*TASK PROMPT:* Print the line containing "Troublesome Guests Turkey's", then every line after it through the end of the material, exactly as written and without pictures.

*SOURCE MATERIAL:*
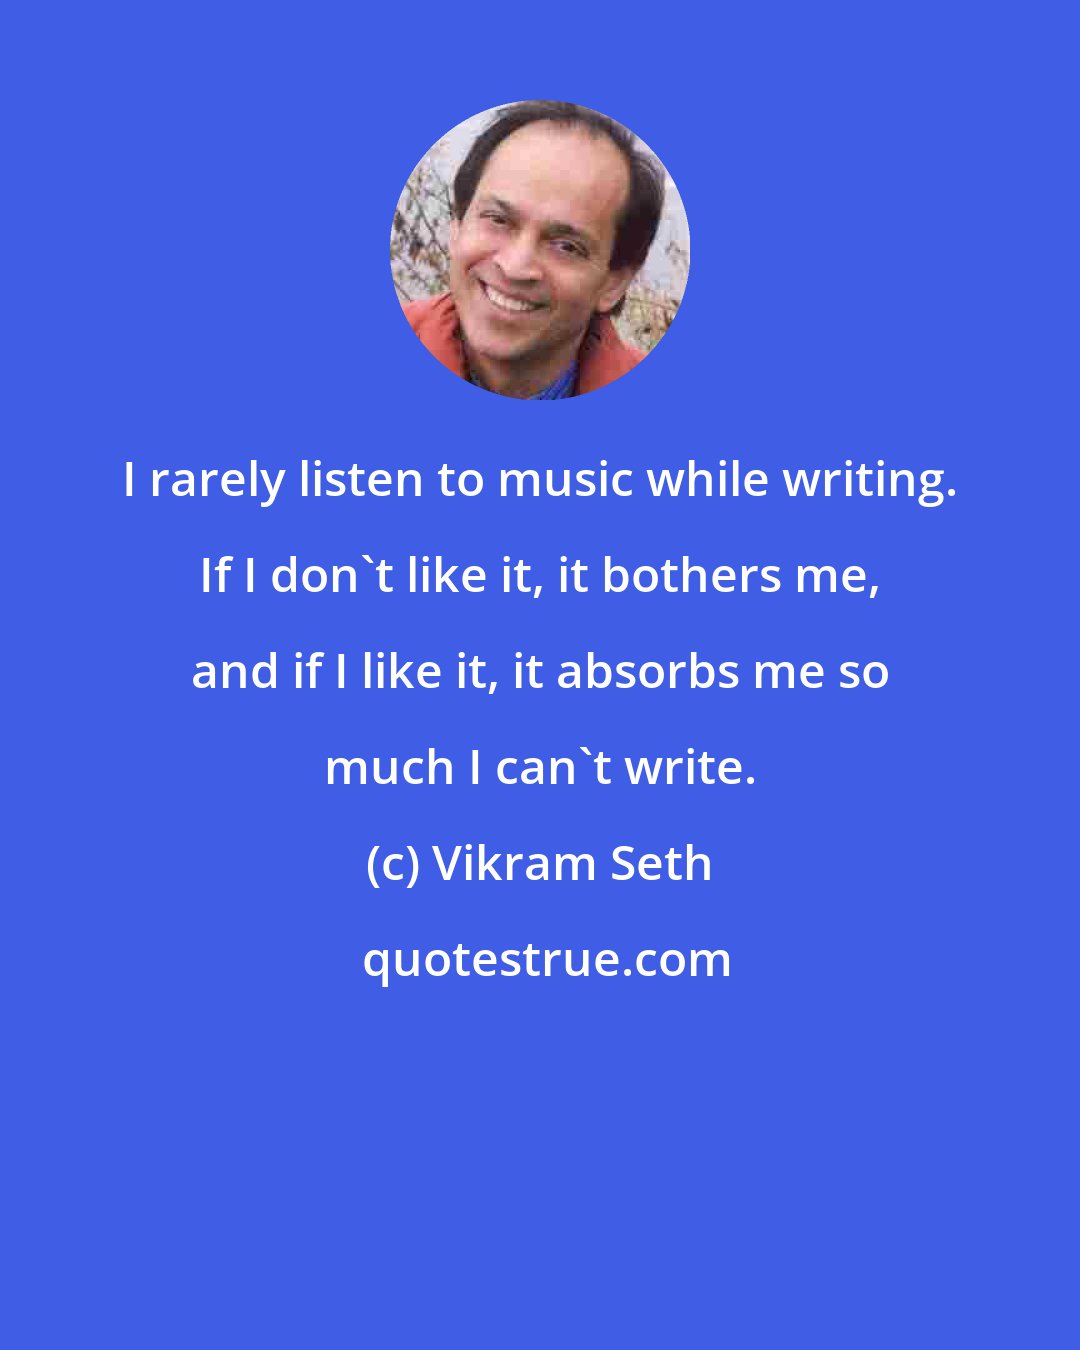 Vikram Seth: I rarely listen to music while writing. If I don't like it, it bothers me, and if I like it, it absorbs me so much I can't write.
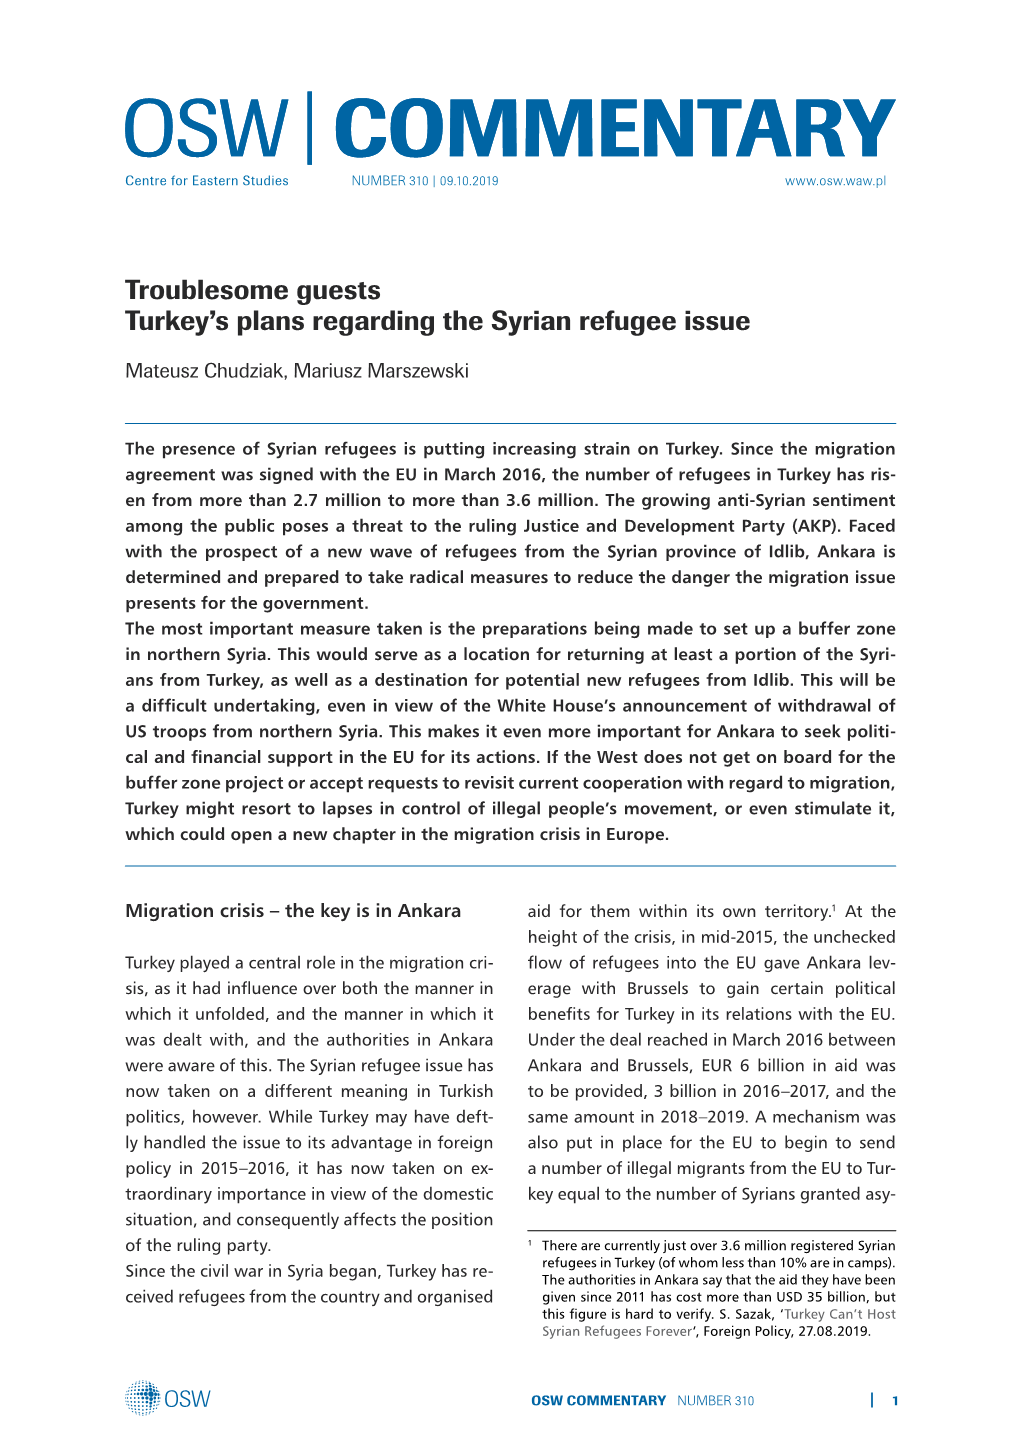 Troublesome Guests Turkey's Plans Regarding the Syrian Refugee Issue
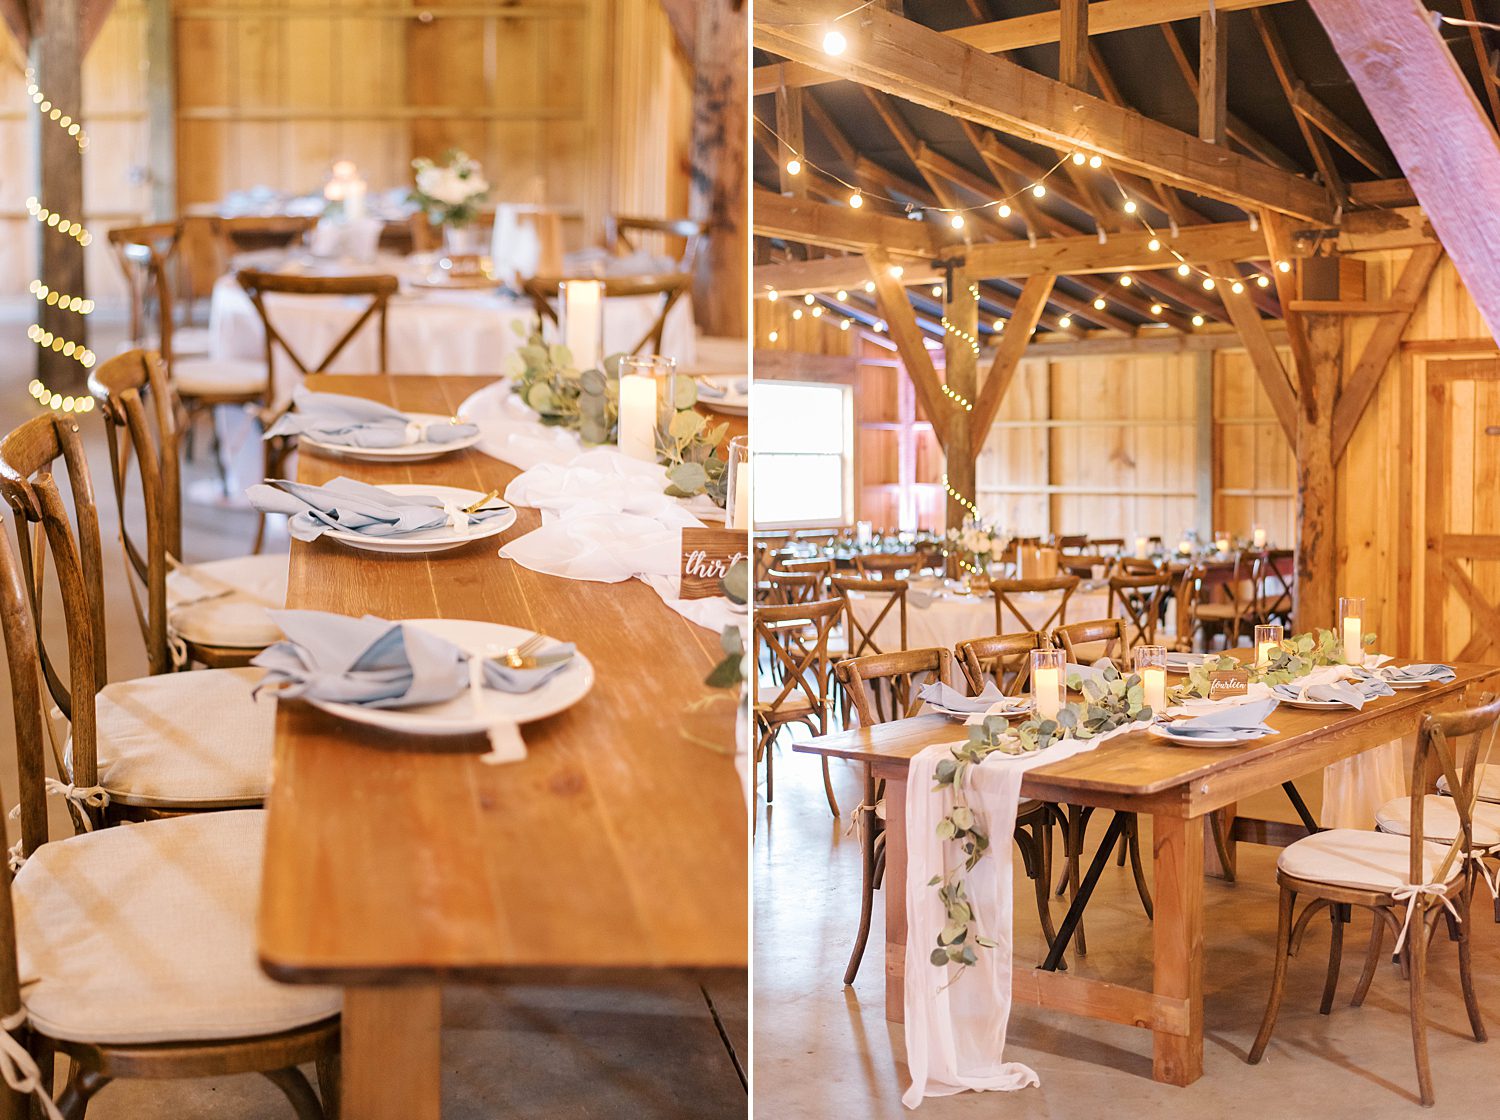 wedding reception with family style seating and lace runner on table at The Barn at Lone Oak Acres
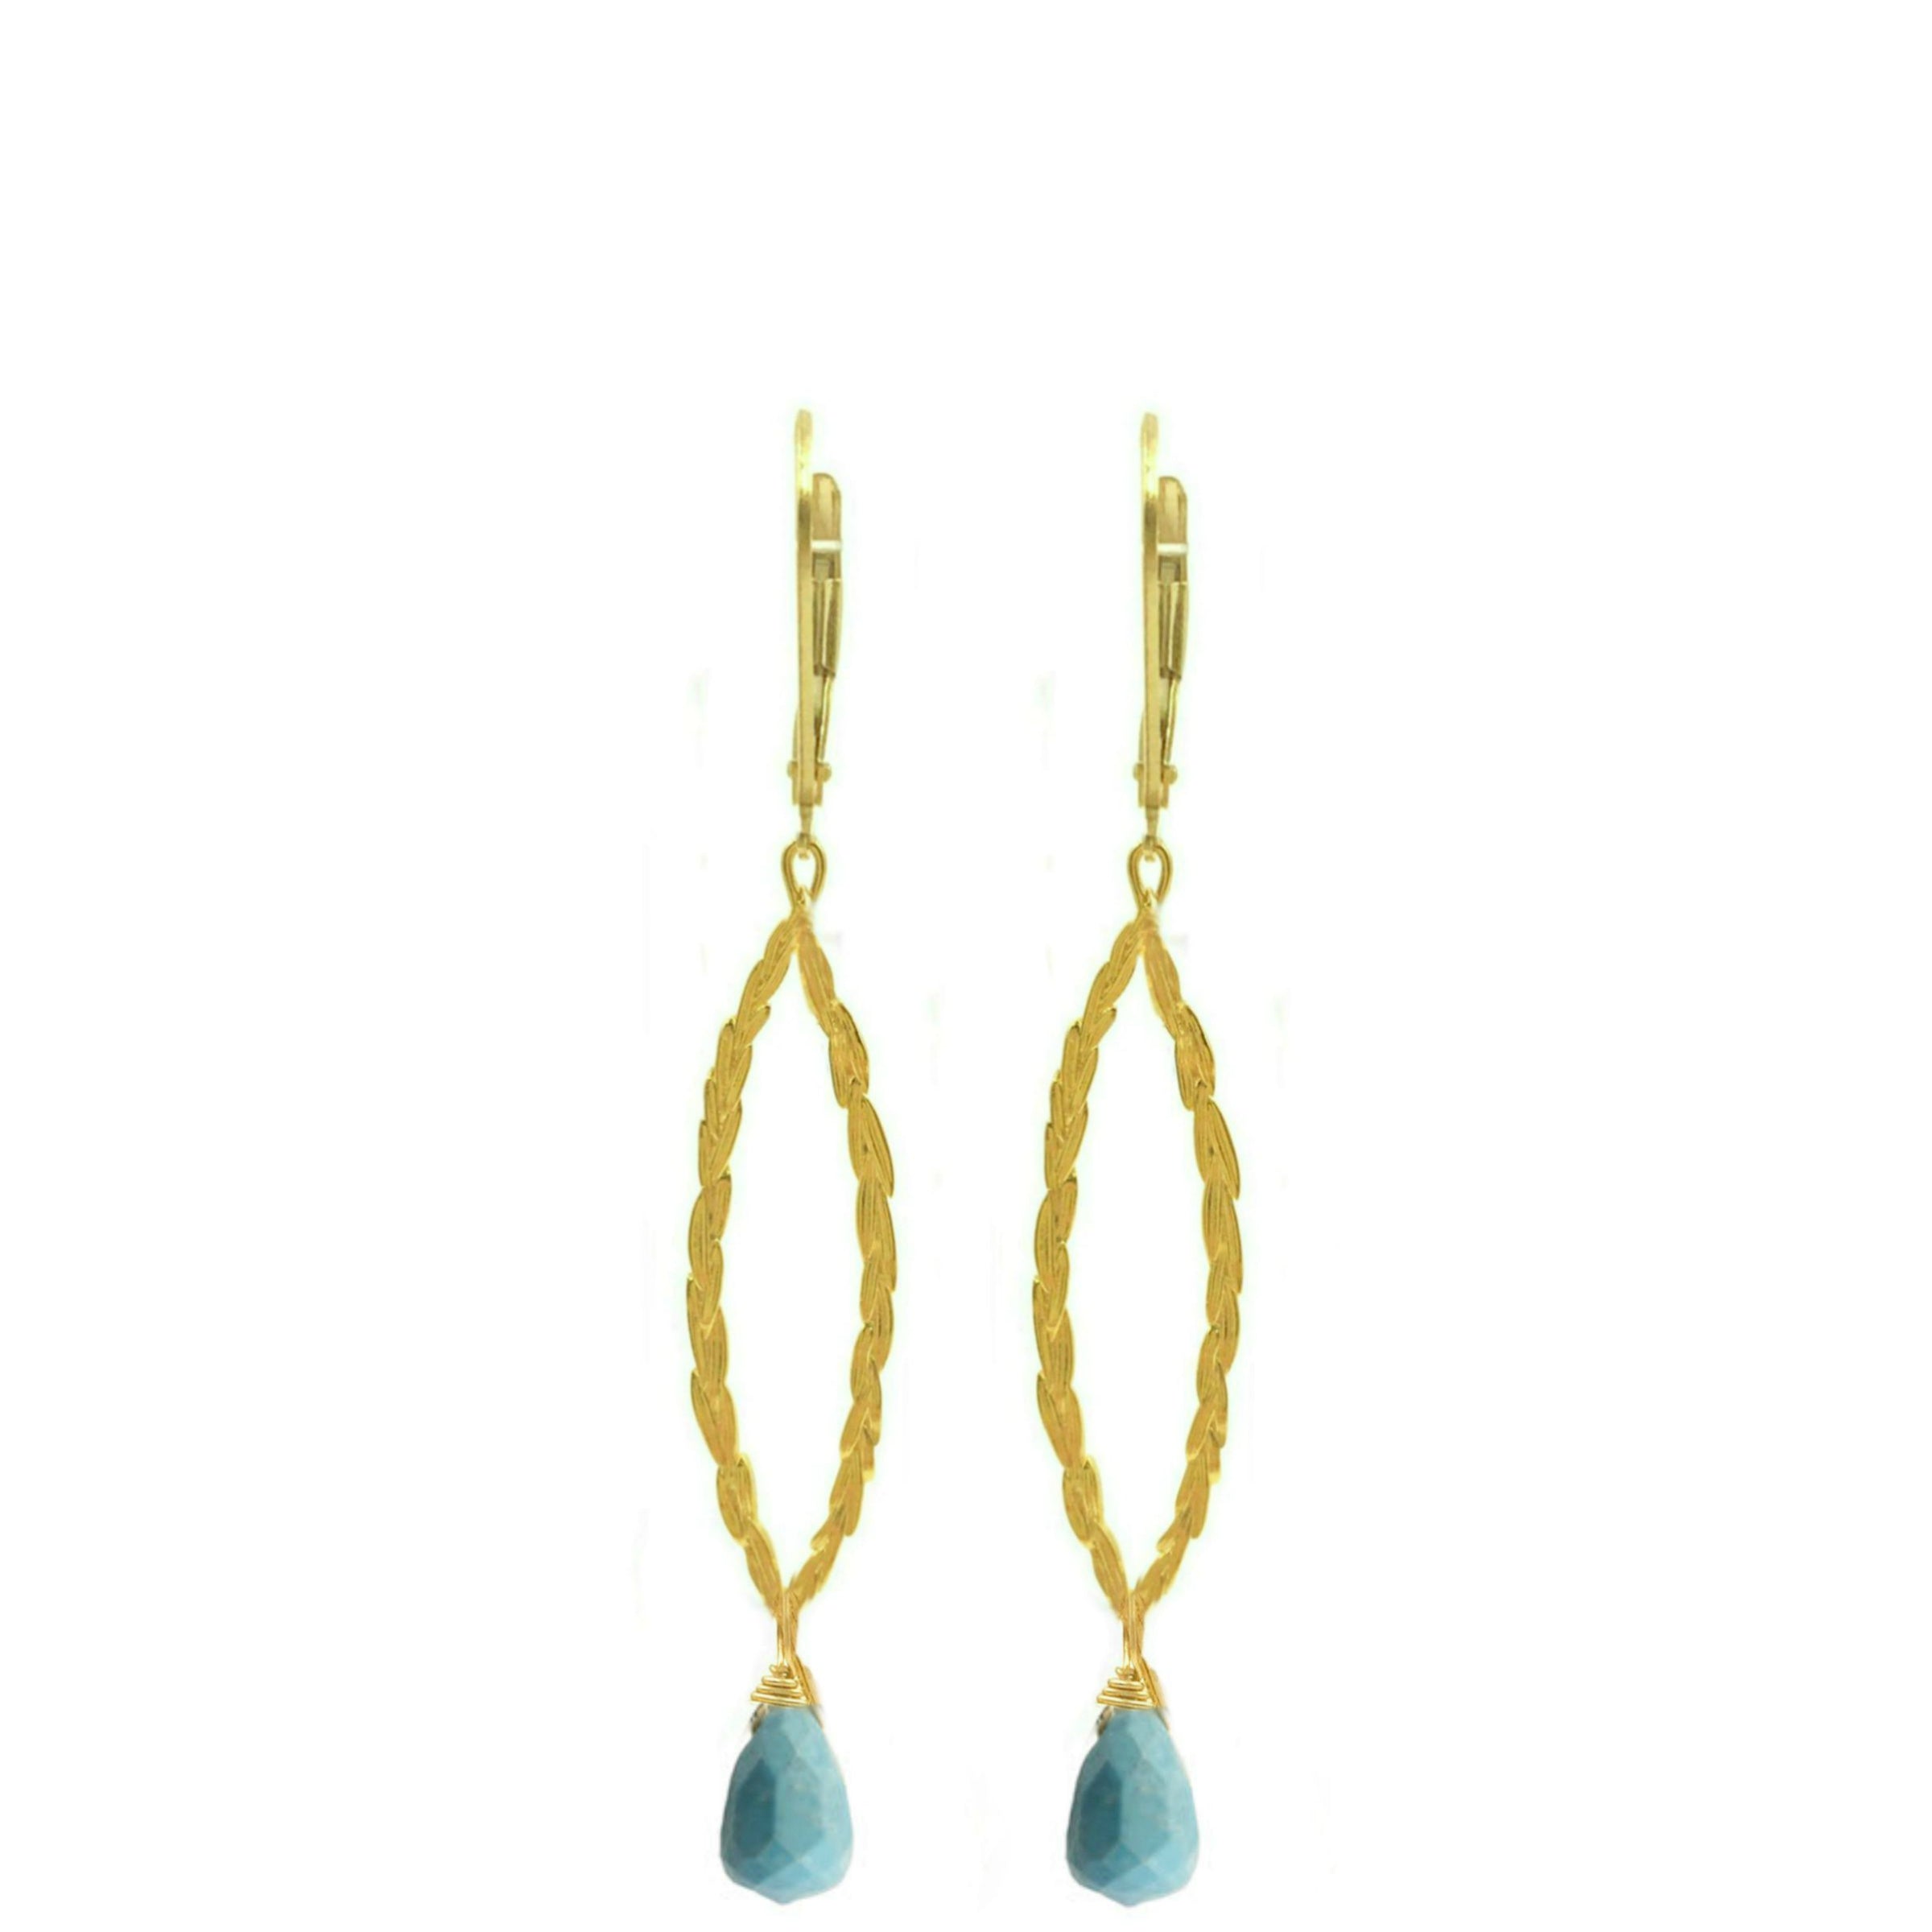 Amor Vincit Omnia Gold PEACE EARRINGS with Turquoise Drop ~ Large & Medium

*PROBLEM SOLUTION:*
 Troublesome Guests Turkey's Plans Regarding the Syrian Refugee Issue
 wedding reception with family style seating and lace runner on table at The Barn at Lone Oak Acres
 Amor Vincit Omnia Gold PEACE EARRINGS with Turquoise Drop ~ Large & Medium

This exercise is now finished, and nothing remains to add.